Bacidia depriestiana

Scientific classification
- Kingdom: Fungi
- Division: Ascomycota
- Class: Lecanoromycetes
- Order: Lecanorales
- Family: Ramalinaceae
- Genus: Bacidia
- Species: B. depriestiana
- Binomial name: Bacidia depriestiana Lendemer & Keepers (2021)

= Bacidia depriestiana =

- Authority: Lendemer & Keepers (2021)

Species of lichen-forming fungus

Bacidia depriestiana is a species of lichen-forming fungus in the family Ramalinaceae. It is a sorediate crustose lichen that grows on the bark of white oak along forested stream banks on steep slopes in the Southern Appalachian Mountains in the United States.

==Taxoomy==
Bacidia depriestiana was described as a new species by James Lendemer and Kyle Keepers in 2021. The holotype specimen was collected by Lendemer on October 12, 2016 from a south-facing slope in the Nantahala National Forest, North Carolina.
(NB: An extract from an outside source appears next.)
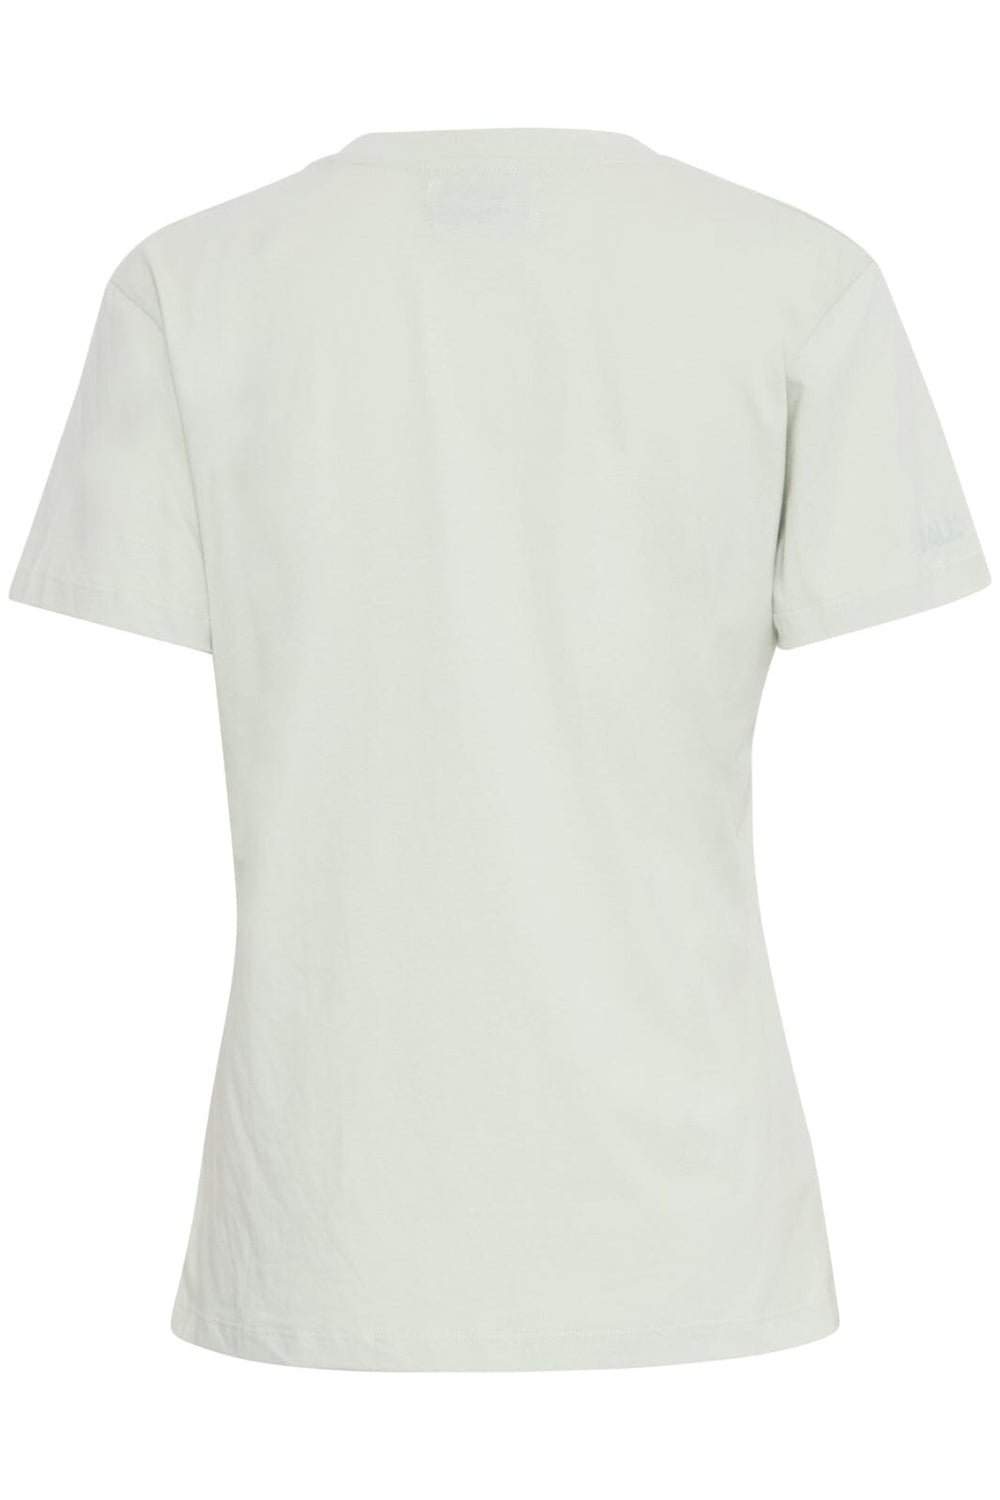 Forudbestilling - Ball - R. David Womens T-Shirt - 130116 Pastel Green T-shirts 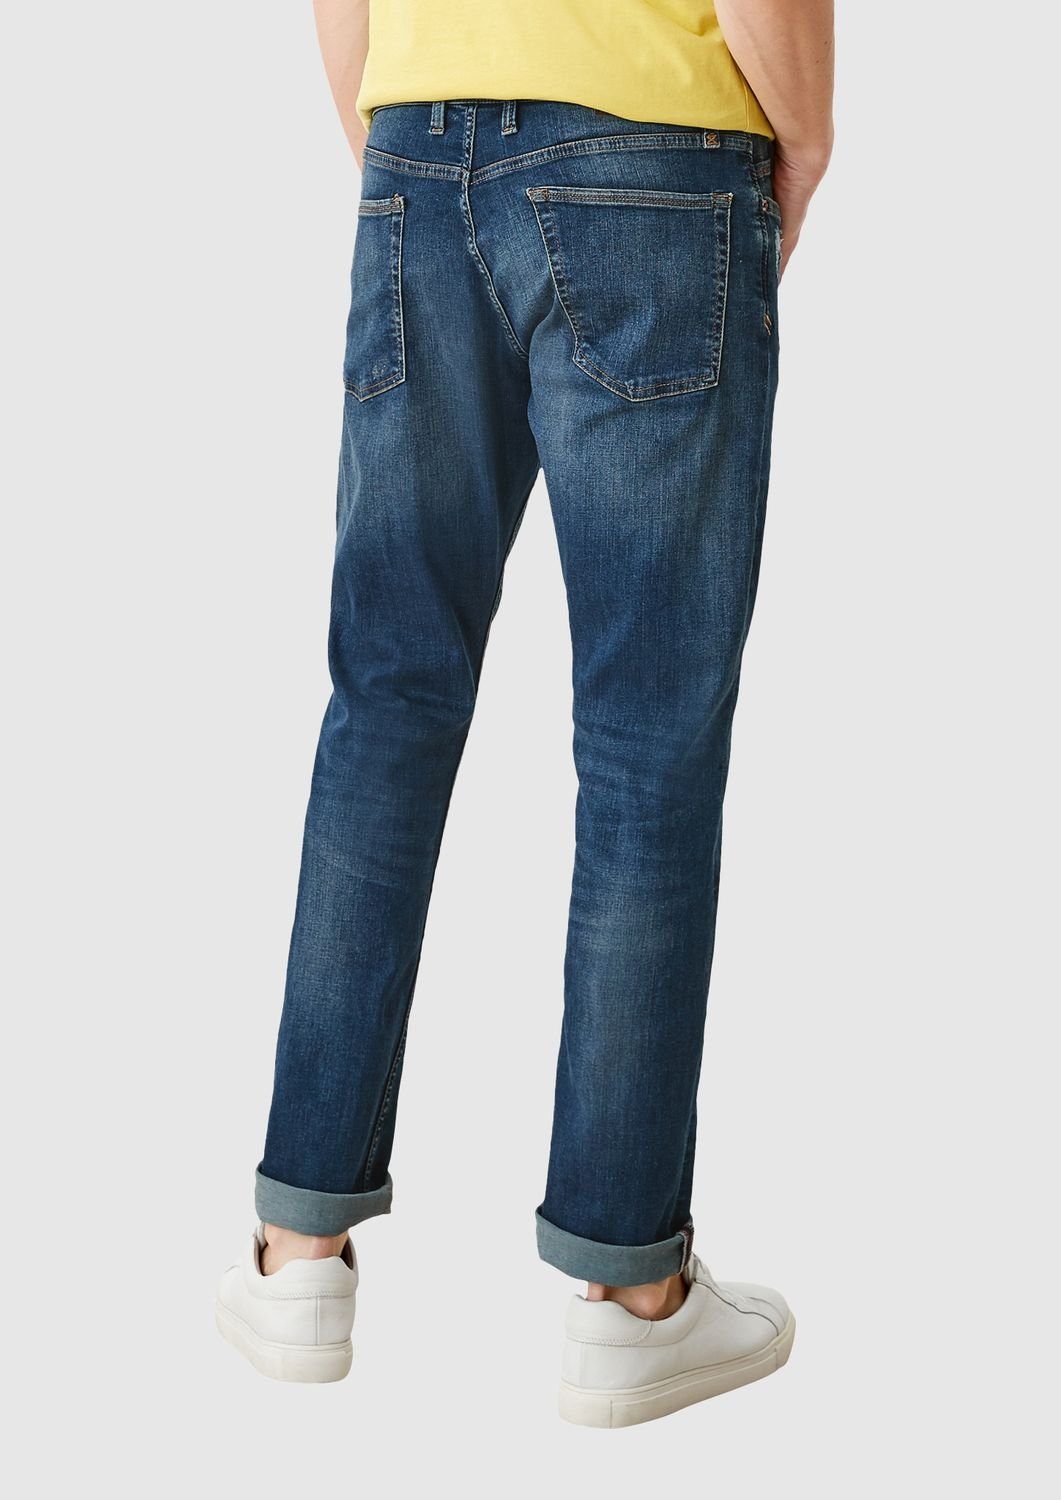 s.Oliver Slim-fit-Jeans KEITH Slim Fit, Beinverlauf: Straight Medium rise, Leg Blau Bundhöhe

The specimen (NY-03033306) was found growing on the bark of white oak (Quercus alba) in a mixed hardwood forest dominated by maple (Acer), hickory (Carya), black gum (Nyssa), and oak (Quercus) species, with eastern white pine (Pinus strobus) and an understory of rhododendron and mountain laurel (Kalmia); the collection site was located at an elevation of 3250 ft. The species epithet, depriestiana, honors Paula DePriest, for her research contributions to Appalachian lichen biodiversity knowledge.

==Description==
Bacidia depriestiana has a yellowish-grey thallus, broken up into minute that are often topped are topped irregular balls of grainy blue-gray soredia. Since it reproduces asexually, chemistry is important for identifying it; it produces zeorin and atranorin.

==Distribution==

Bacidia depriestiana grows on the bark of white oak (Quercus alba) along forested stream banks on steep slopes in the Southern Appalachian Mountains in the United States. As of its original publication, it had been documented from three locations: in Tennessee, North Carolina, and South Carolina.